Post
Topic
Board Development & Technical Discussion
Merits 1 from 1 user
Re: zero point of secp256k1
by
NotATether
on 20/12/2021, 04:30:35 UTC
⭐ Merited by BlackHatCoiner (1)
I'm not 100% sure for this, but you can't subtract this way in ECC.

Think of this. 1*G - 1*G would be equal with 1*G + (-1)*G, right? But, -1 is outside the range. In finite fields, -1 is equal with N-1 which is 0xFFFFFFFFFFFFFFFFFFFFFFFFFFFFFFFEBAAEDCE6AF48A03BBFD25E8CD0364139.

So, what you really do is 1*G + (N-1)*G which is N*G. Apparently, k*G + (-k)*G is always N*G, but I need this to be confirmed.

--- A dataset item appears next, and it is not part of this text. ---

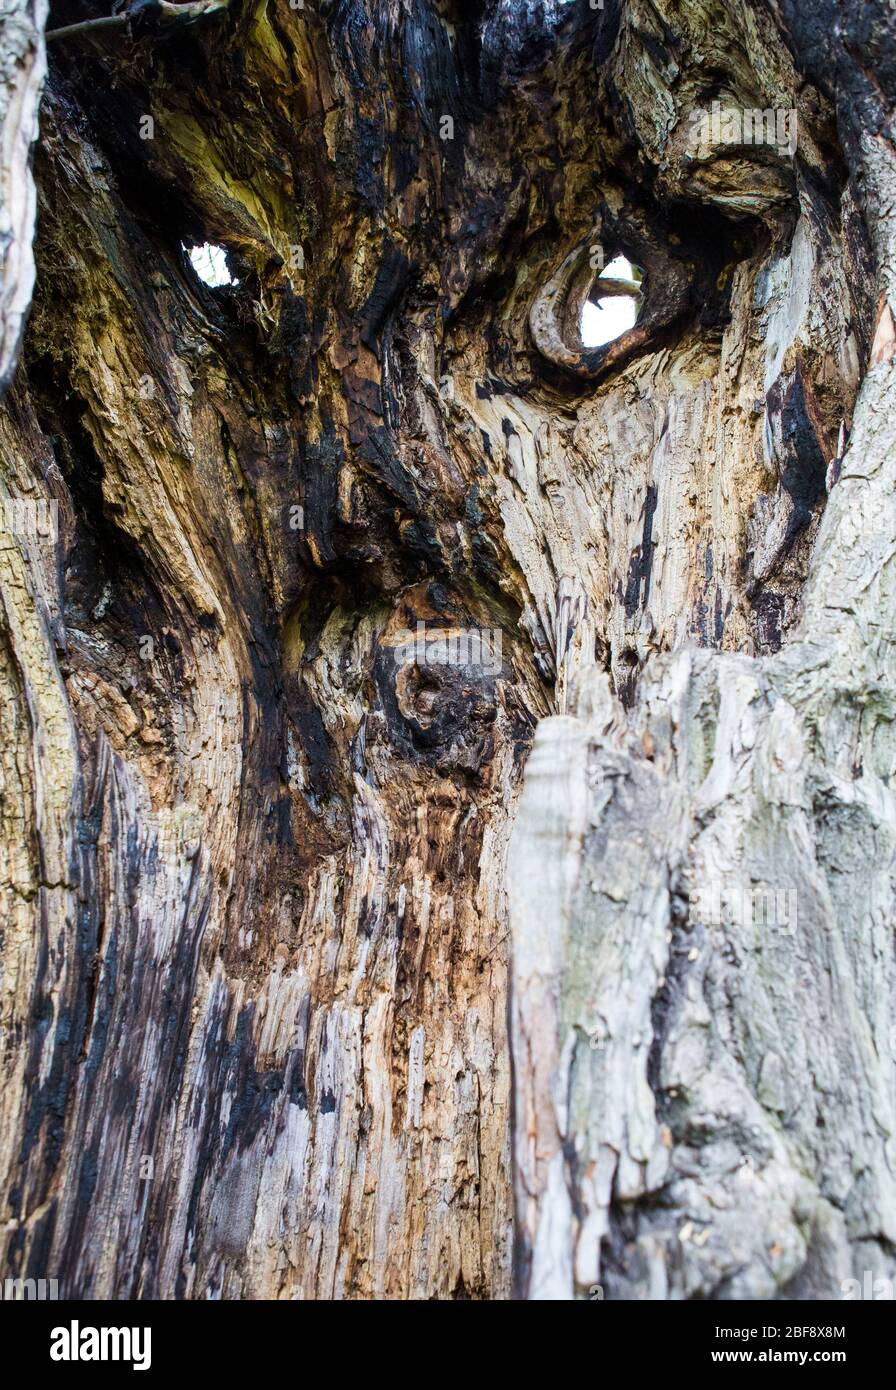 Ancient tree with face in the trunk Stock Photo

Anyway, check: How to subtract two points on an elliptic curve?

Subtracting a point by itself always leads to zero because one of the points is at the top of the Y axis, the other is on the bottom of the Y axis but has the same X coordinate so they just have a flipped Y coordinate.

Since subtraction is just negative addition, and point addition just finds the third point on the curve that forms a line with the other two points, when you're subtracting a point from itself that third, intermediate point does not exist so it passes through the infinity point that's in three-dimensional space, which is how you arrive at the 0G result. It would not be equal to -1G.